Зря, выходит, доверил... Рука Кости вскинулась, чтобы шлепнуть лениво бредущую лошадь, но лишь легла мягко на лопатку, ощутила жидкие мускулы, говорящие о старости животного, о том, что оно повидало на своем веку и трудные дороги, и погони по лесам и полям, и бескормицу. Погладил ее нежно, похлопал. Стрелка отозвалась благодарно коротким гортанным храпом. И тотчас же, как вспугнутая, поднялась с ледяного мыска, над увалом впереди стая чаек, грузно закачала точно намокшими крыльями. Лошадь приостановилась, кося янтарный глаз. Костя не понукал ее, в свисте ветра ему послышался шелест крыльев птиц. Почувствовал внезапно грусть от одиночества среди водного разлива, среда пустынных тихих лесов, лишь на миг разбуженных выстрелом. И подумалось: где-то стучит сейчас колесами та теплушка, в которой ехал в уезд с заданием от самого начальника угрозыска. Кто-то готовится спать на железной койке в уездном милицейском общежитии, где ночевал он прошлую ночь. Едет ли, поставлена ли в сарай почтовая телега, на которой качался пятьдесят с лишним верст в волостное село Никульское. Тихо, поди-ка, стало в Никульской волостной милиции. Утром там что ярмарка: делили волостные милиционеры чугунки да сковороды между собой. А с ними начальник волостной районной команды милиции Колоколов Федор Кузьмич, настоящий хозяин этой вот Стрелки. Ну, что ж, у волостных семьи, запашка, хозяйство... Вот агроному из совхоза ничего не надо. Ни сковородок, ни чугунков. Потому что нет в живых жены, нет сына, которому на пасху тринадцать бы полных лет...

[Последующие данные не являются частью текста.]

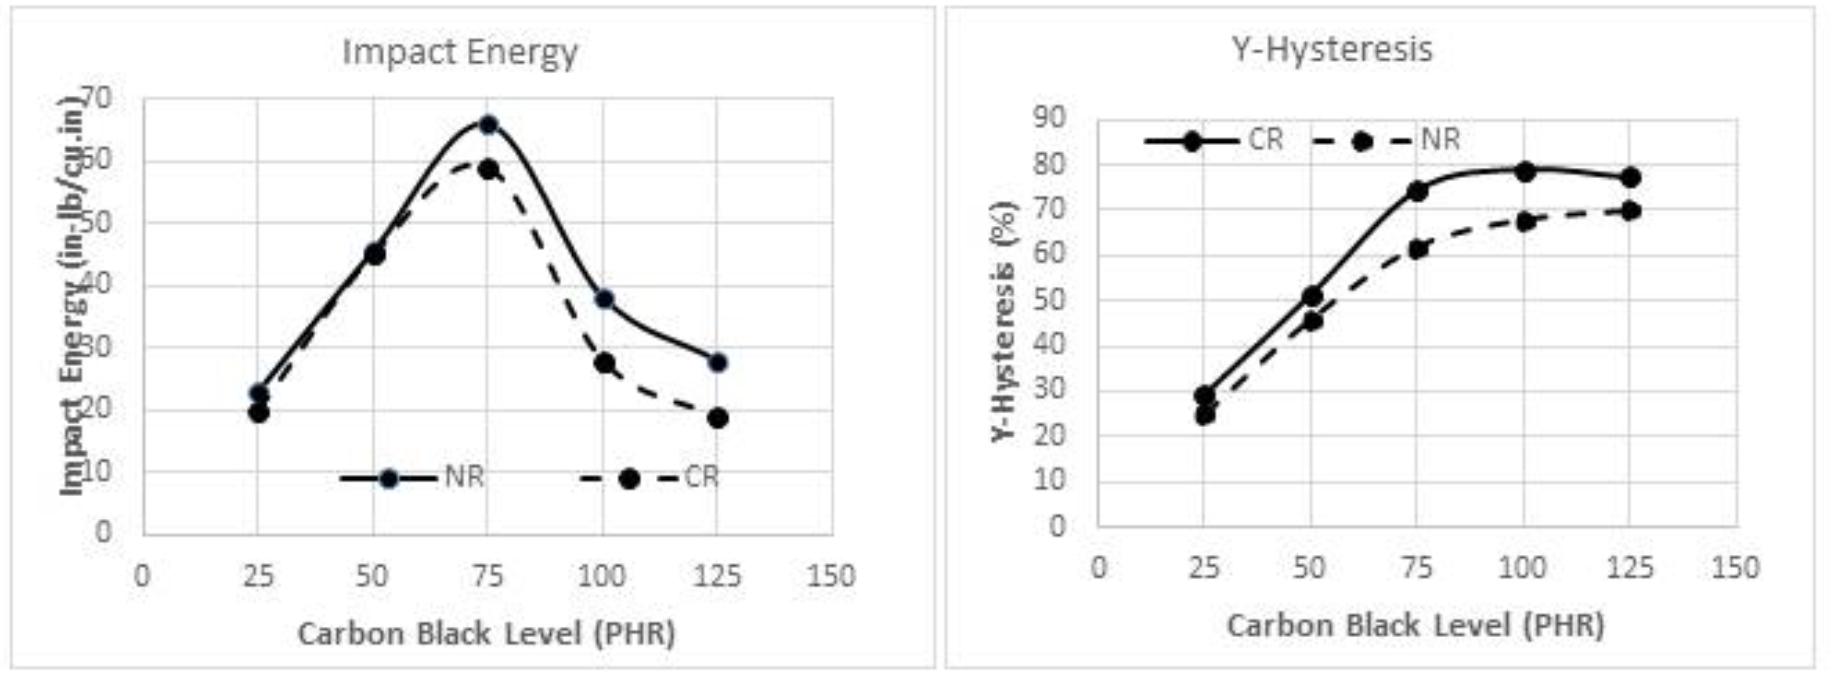 Darbe enerjisi ve Histeresis eğrilerinin karbon siyahı ile değişimi

Припомнился высокий человек с седеющими висками, агроном Фомичев. Сидел в конторе за столом, на котором горой связки книг, и тер синие, как у утопленника, щеки ладонями, сдерживая слезы. Не говорил, а шептал бессвязно:
— Колька картошку чистил... Упал без слова. Жена сначала ранена была в спину. Очнулась от боли, не в себе, криком стала просить, чтоб ее этот изверг пристрелил.... Пристрелил... одной рукой... Потом портного... За меня портного принял. В очках тоже был он... Лежал у дивана, а из-под ног лужа крови... Прибежал я с завода на выстрелы. А он исчез уже... Только девица на диване. Наниматься пришла в совхоз, она и поведала все.

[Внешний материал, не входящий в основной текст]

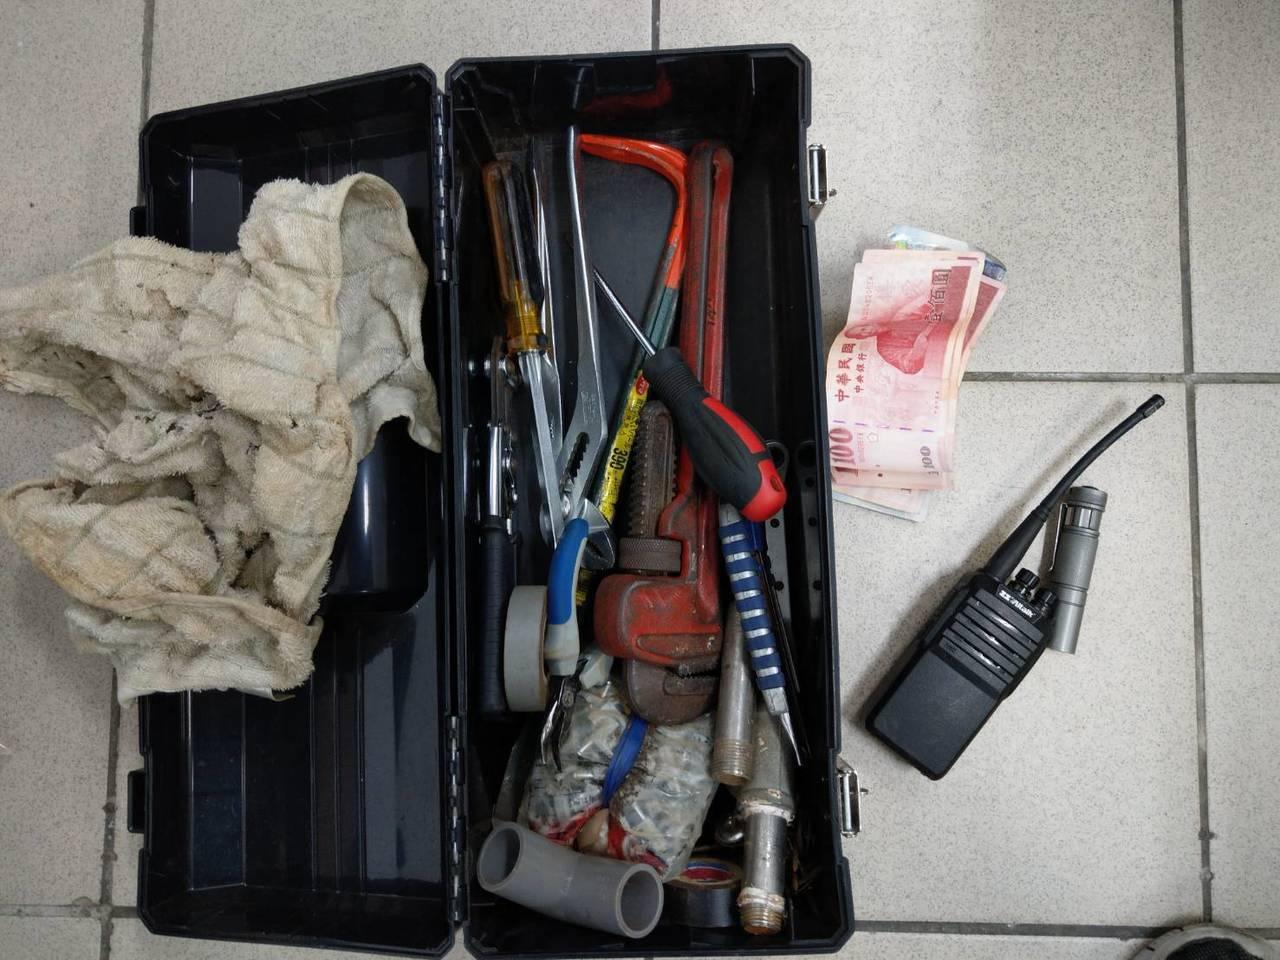 警方起出陳嫌犯案工具、贓款。記者卜敏正/翻攝

И шепотом, также свистящим, умоляюще глядя сквозь запыленные стекла очков:
— Найдите его, товарищ агент... Найдите... и мне для приговора... Найдите...
Костя не ответил ему на это, а только спросил:
— Куда мог сбежать Симка?
Агроном как-то сразу стих, снял очки, протер:
— Говорят, возле усадьбы Мышкова видели человека в черном. Может, это и есть он...
Фомичев проводил его до околицы, показал дорогу к усадьбе Мышковых. И едва Костя отъехал, за пригорком, вдали, заметил сизый дымок сушилки...
Теперь Костя вспомнил, как он повернул к сушилке, вошел в нее осторожно, с оружием наготове, и обнаружил старика-нищего возле горящих в топке дров. Большая голова под драным малахаем, лицо в пенной бороде. На нем подпоясанный красным брючным гашником армяк, сапоги. На костлявой груди под армяком словно прирос тяжелый серебряный крест. Как не сняли с него этот дорогой крест на дорогах, полных бандитского и уголовного сброда? Цедил сквозь зубы о том, что ноют у него ноги в валяных сапогах, намокающих часто, что много бродит по монастырям да церквам, по ярмонкам да гульбищам за куском хлеба, за глотком воды. И что продувает его сквозь армяк, и шапка, с какого-то старца, изношенная, не греет. А еще, что из голодного он края, из соленых степей, зовут дедом Федотом. Добро будто бы сгорело в огне, подался сюда к родичам, а родичи рассыпались в такое смутное время по разным сторонам, не сыщешь. И один путь у старика — на вечный покой.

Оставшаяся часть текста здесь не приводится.